Introduction
File rotation, or log file rotation may seem simple, but for most high throughput applications such as web servers the problems of multiple threads or processes logging to the same file pose problems.
In this example we have a multi process multi thread service which logs incoming requests to a file, the process is written for speed, hence the logging overhead has to be very light, the code is running on a linux base OS.
The file rotation can be rotated by either,
- the client program, in which case all processes/threads must cooperate together
- a separate rotate program, which signals to the clients to close the file and open a new file
Evaluation
Initially looking at current applications such as apache and mysql,
APACHE: The apache webserver on startup opens a file or pipe to a program, this file descriptor is passed to all child processes and threads which log to this file. This model does not rotate files, but if the pipe is opened to a seperate process (rotatelogs) then this process can handle writing to a rotated file. This model seems tidy, but relies on a context switch to ensure the data is logged, if many processes are logging large amounts of data it doubles the number of required context switches to log the data.
MYSQL: Mysql opens the file for append, writes the log line then closes the file, hence is not optimised for speed, when logging lots of data many fopen and fclose system calls are handled.
The optimal solution will:-
- allow the file to remain open
- require minimal overhead for checking for rotation
- allow a separate program to rotate removing the rotation overhead from each process/thread
Solution
The solution required a means for a rotation process to signal to the logging server(s) that the file has been rotated. Renaming of a file does not effect the file handle properties, but if the file permissions or owner are changed the logging client can fstat the handle and check for a permission/ower change before a write. The fstat system call is faster than a normal stat since it uses the inode stored in file handle.
Since the fstat call is very lightweight, and will be kernel optimised by the use of the buffer cache the client log process need only open the file for append, then before each write fstat the handle and check to see if the owner or permissions have changed, and if so close the file and reopen a new file.
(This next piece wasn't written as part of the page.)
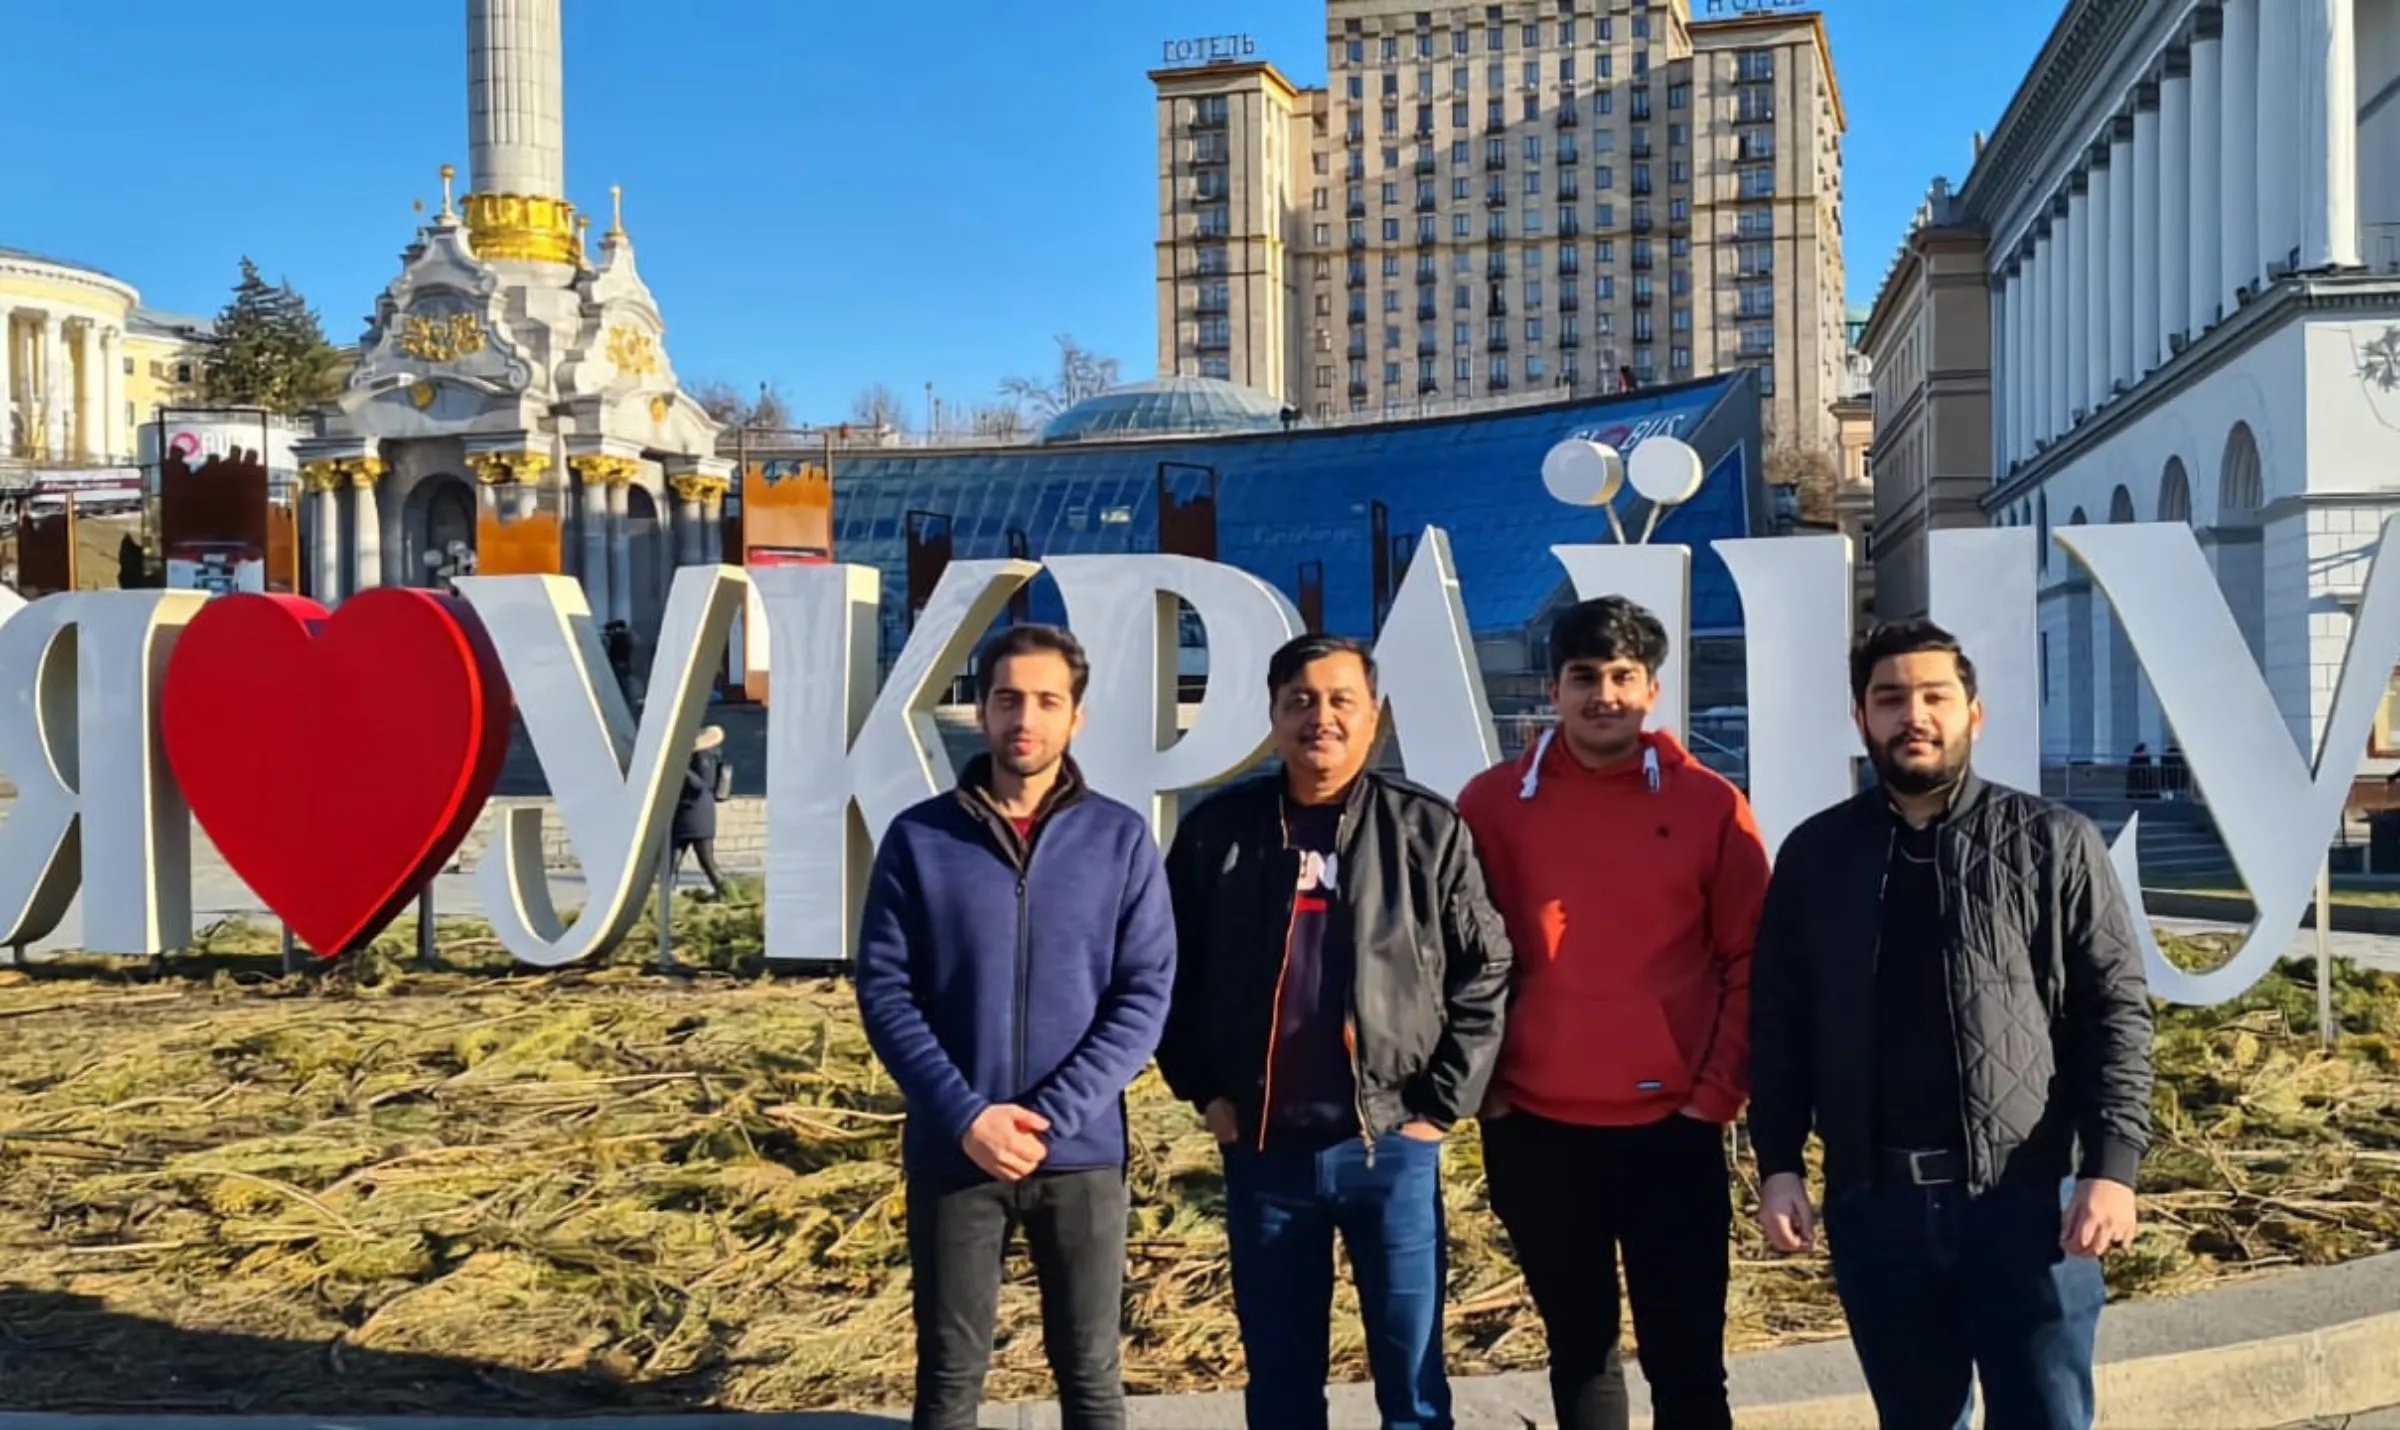 Mohammad Rayyan Hamid (L), a student at Kyiv Medical University, poses with his friends in Kyiv, Ukraine. Thomson Reuters Foundation/Handout via Basit Hamid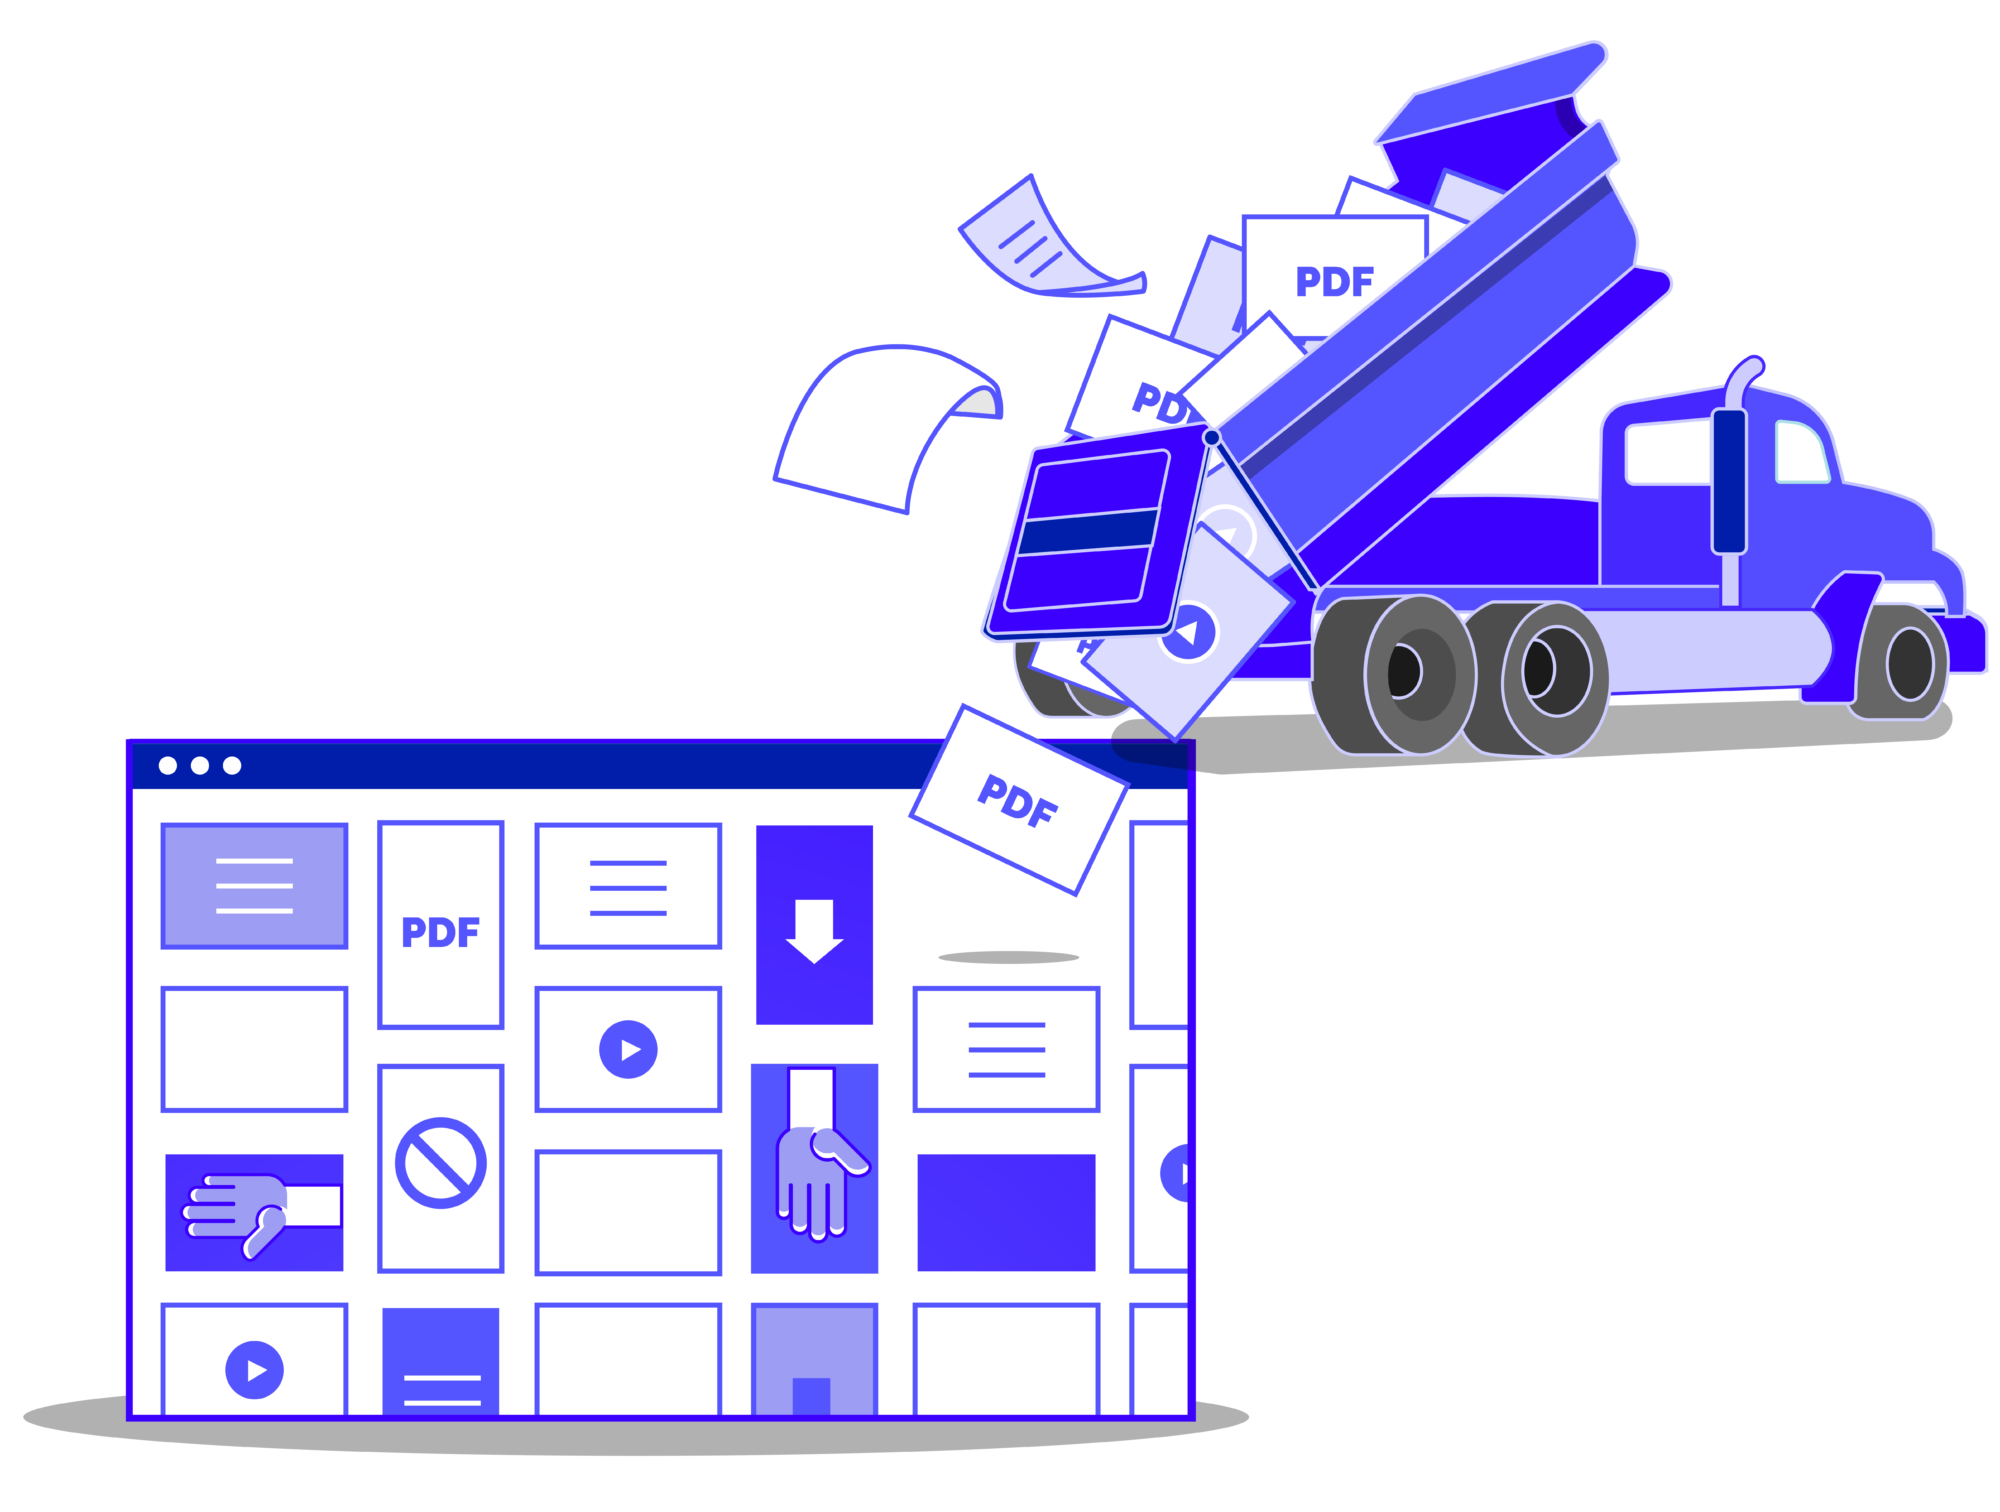 An illustration of a dumptruck dumping content assets, labelled as videos and PDFs, into a B2B marketing resource center

Using this schema processes which have a number of workers can still all write to a log file concurrently as the write (with append) is atomic.
The rotation process simply renames the file to a file with a suitable date and change the owner or permissions.
There is a tiny race condition between the client fstat and write which would cause the client to write a log line to the end of a rotated file in rare conditions, but since this is a tiny time period, as long as processing of the rotated log file is deferred for a suitable period following rotation all will b OK.
An example Perl implementation of a client logger is provided, it should be noted that this uses a stat on the filehandle which Perl actually calls fstat internally (running strace on the process determined this) – download this file.
Limitations
Unfortunately NFS has limitations (unsure of v4), a linux manual page states:-
O_APPEND The file is opened in append mode. Before each write(), the file offset is positioned at the end of the file, as if with lseek(). O_APPEND may lead to corrupted files on NFS file systems if more than one process appends data to a file at once. This is because NFS does not support appending to a file, so the client kernel has to simulate it, which can't be done without a race condition.
So writing to an NFS file using append may not work.